Plimsoll's particular bête noire was the Tory MP for Plymouth, Edward Bates, who lost six ships in one year, was thrice investigated for scurvy aboard his vessels, and was eventually expelled from the Commons for bribing the electorate; whereupon Disraeli gave him a baronetcy. The evidence against Bates's fleet of unseaworthy vessels was so notorious that he never dared sue Plimsoll for exposing him repeatedly, though other shipowning MPs did, and always lost their cases or had to withdraw from them.
It was an uphill battle to get reforming legislation through Parliament, and this book is partly a highly instructive illustration of blocking tactics, of primary self-interest by MPs, and their cynical disregard for the morality they sold to the voters in order to secure their seats. Three Plimsoll bills had been rejected by February 1871, though most of the nation had been won over to the seamen's cause by then, and the excuse for inaction was invariably that the shipowners could not possibly survive against foreign competition unless they were allowed to do as they wished, a view that was endorsed by a royal commission in 1873. Not until 1876 was the loading line made compulsory in an amended Merchant Shipping Act, but even after it the vested interests in and outside Parliament tried to put the clock back. Plimsoll died in 1898, having fathered three children in his 60s by his second wife, but eight years later Lloyd George at the Board of Trade raised the level of the Plimsoll line so that cargo vessels could increase their capacity by 5%. Six years after that, the SS North Briton, whose freeboard had thus been reduced from 16 to 10 inches above the waterline so as to accommodate 130 tons of additional freight, went down off Ushant with 20 of her crew.

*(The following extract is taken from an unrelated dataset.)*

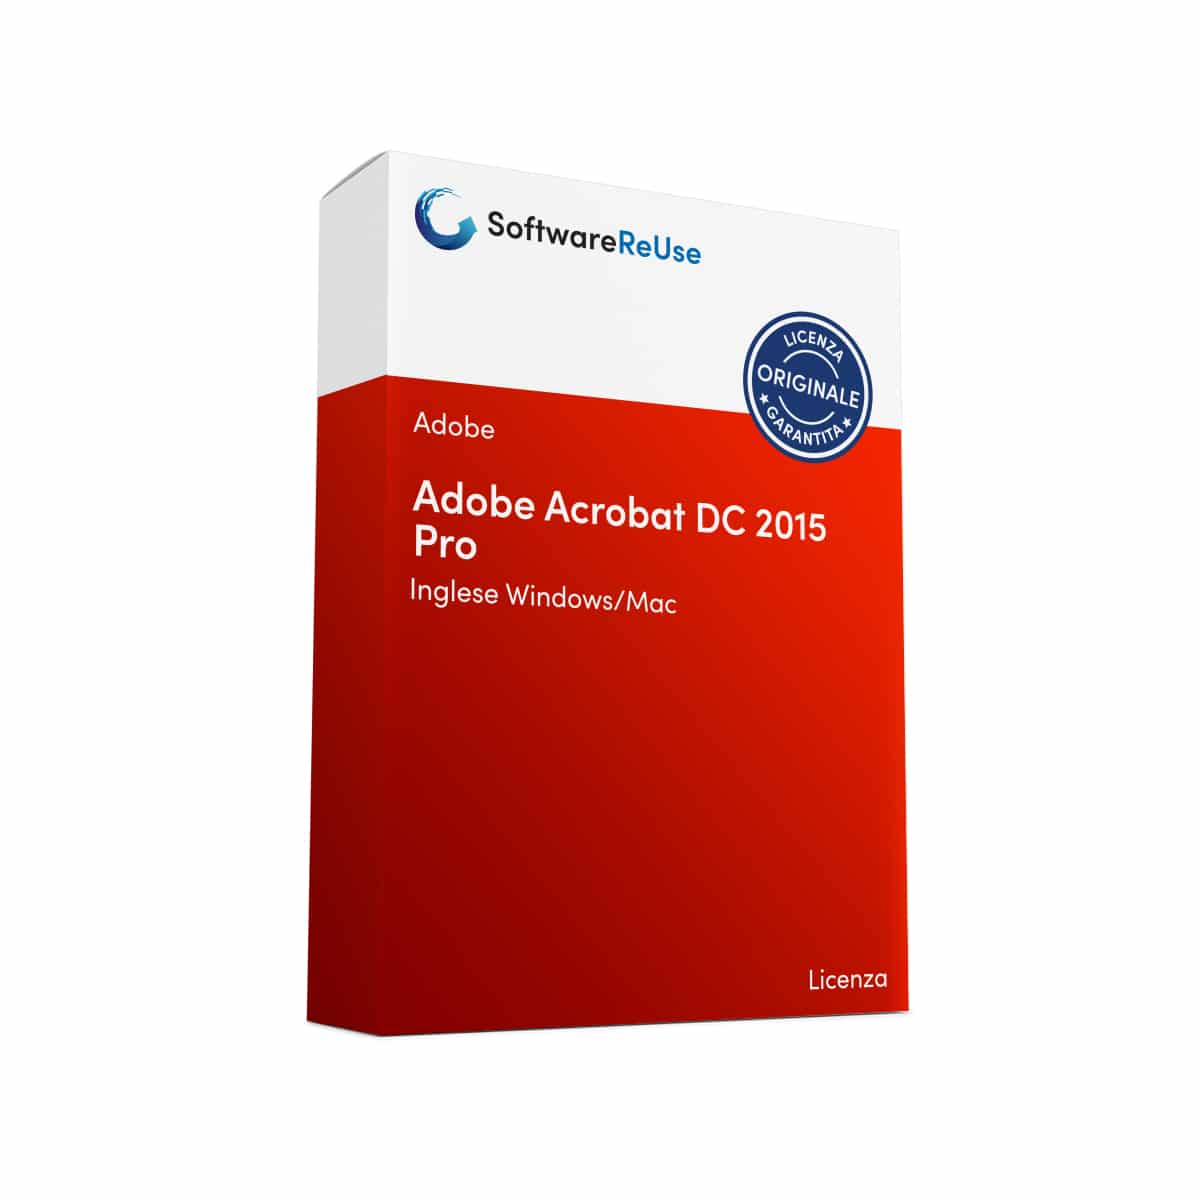 Adobe Acrobat DC 2015 Pro 7

But Jones saves her most shocking disclosure until the end of her book, and it is this. Although Plimsoll's loading lines were in time imposed on shipping of almost all nations, there is still no Winter North Atlantic level of loading - which is a safeguard against the roughest weather any mariner is likely to experience above the Equator - for ships more than 330ft long; which effectively means every supertanker and every container ship afloat. I expect that's because they wouldn't be able to compete profitably if their crews were given the protection smaller vessels enjoy. And that's not to count the rustbuckets galore sailing under flags of convenience that ought never to be allowed out of port. In some ways, nothing has changed in 150 years.